Once the city’s permit system is up and running, Layne says his office would be interested in taking on residential districts through- out the city, which have turned to a hodgepodge of options in the absence of the city’s supervision. Some are apparently administered by their aldermen. In other cases, Layne says, an individual neighbor has taken on the responsibility.

It doesn’t always work well. Layne says he’s heard of one district where someone was unable to get a permit due to a personal grudge on the part of the person charged with administration.

He sees his office as being a good solution for districts in need. “I anticipate people coming to us,” he says. Abdullah, of Park Central, agrees, saying it’s a matter of equity for the city to administer the program — not all neighborhoods have the resources to run it themselves.

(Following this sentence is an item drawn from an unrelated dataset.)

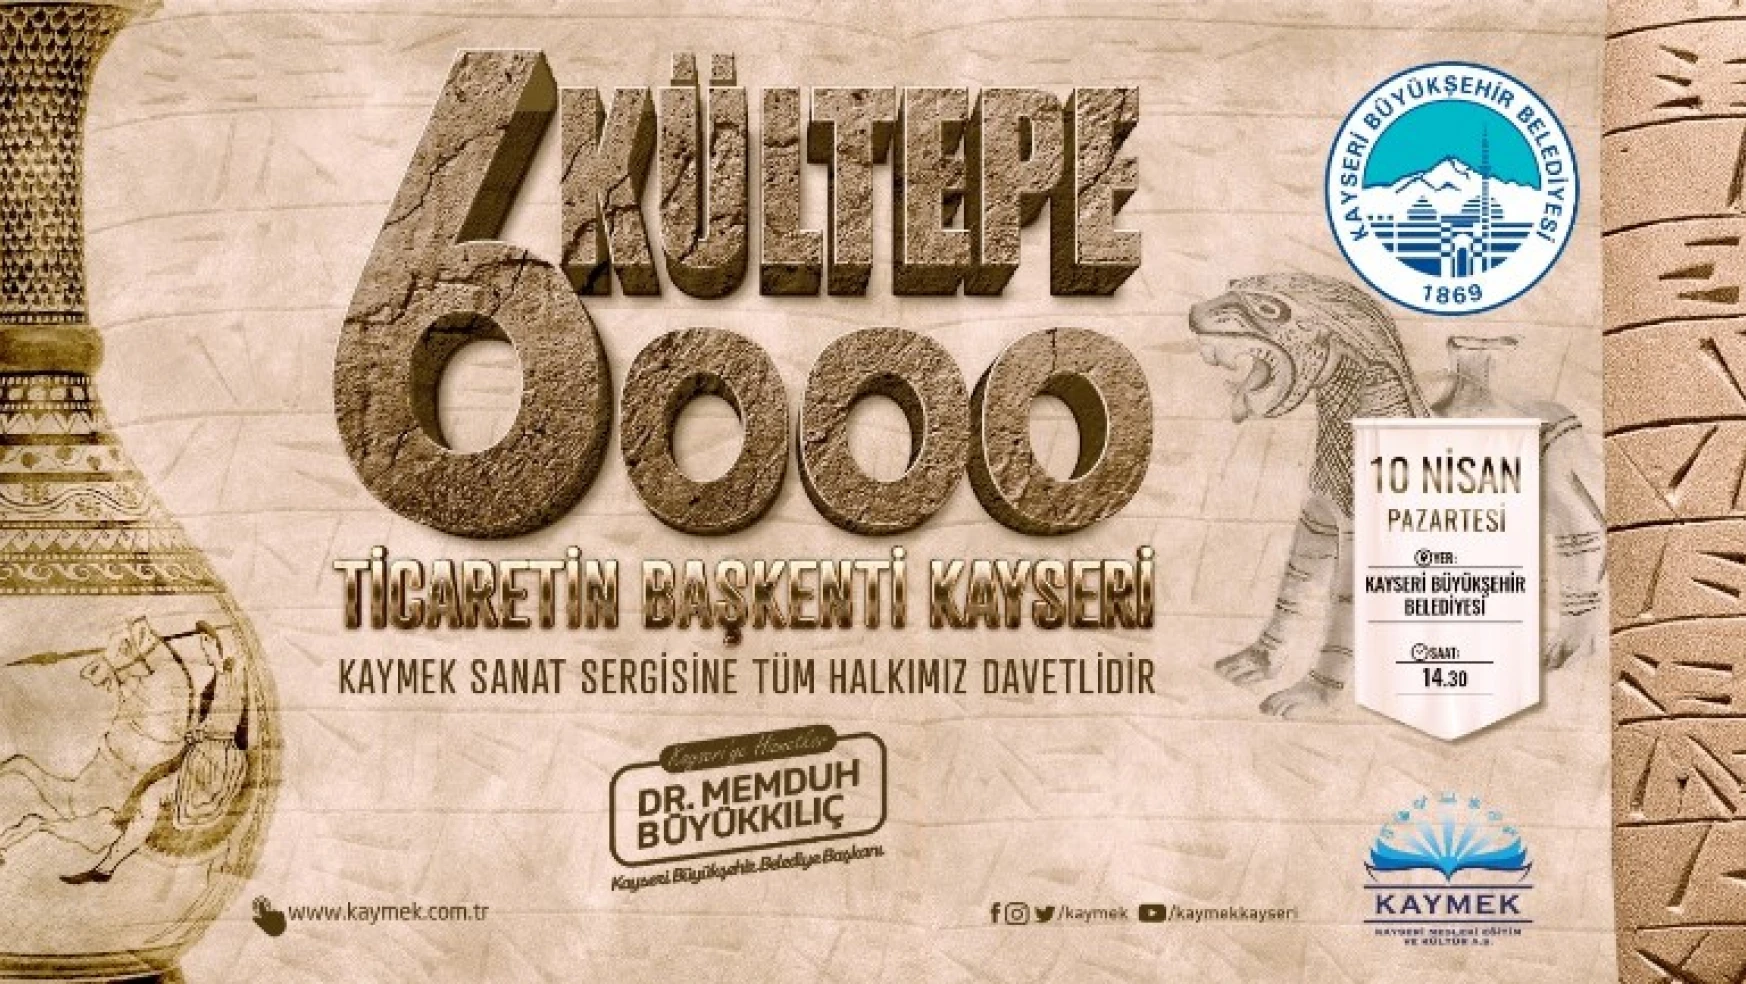 KAYMEK'ten 'Kültepe 6000' Ticaretin Başkenti Kayseri Sergisi

But for that to happen, Layne says, the treasurer’s office needs to get the program going — and eight months after the handoff, he’s asking for patience. “I understand the frustrations in Forest Park Southeast,” he says. “We are doing everything we can right now to have this program up and running as fast as possible.”

Shacklett is one person who’s ready.

“I just think it’s total dysfunction,” she says. “There are so many dysfunctional facets of our city. I’m sorry to see it. I’m sorry for people who come in from out of town and have to deal with this. It’s not the image I wish St. Louis was projecting.”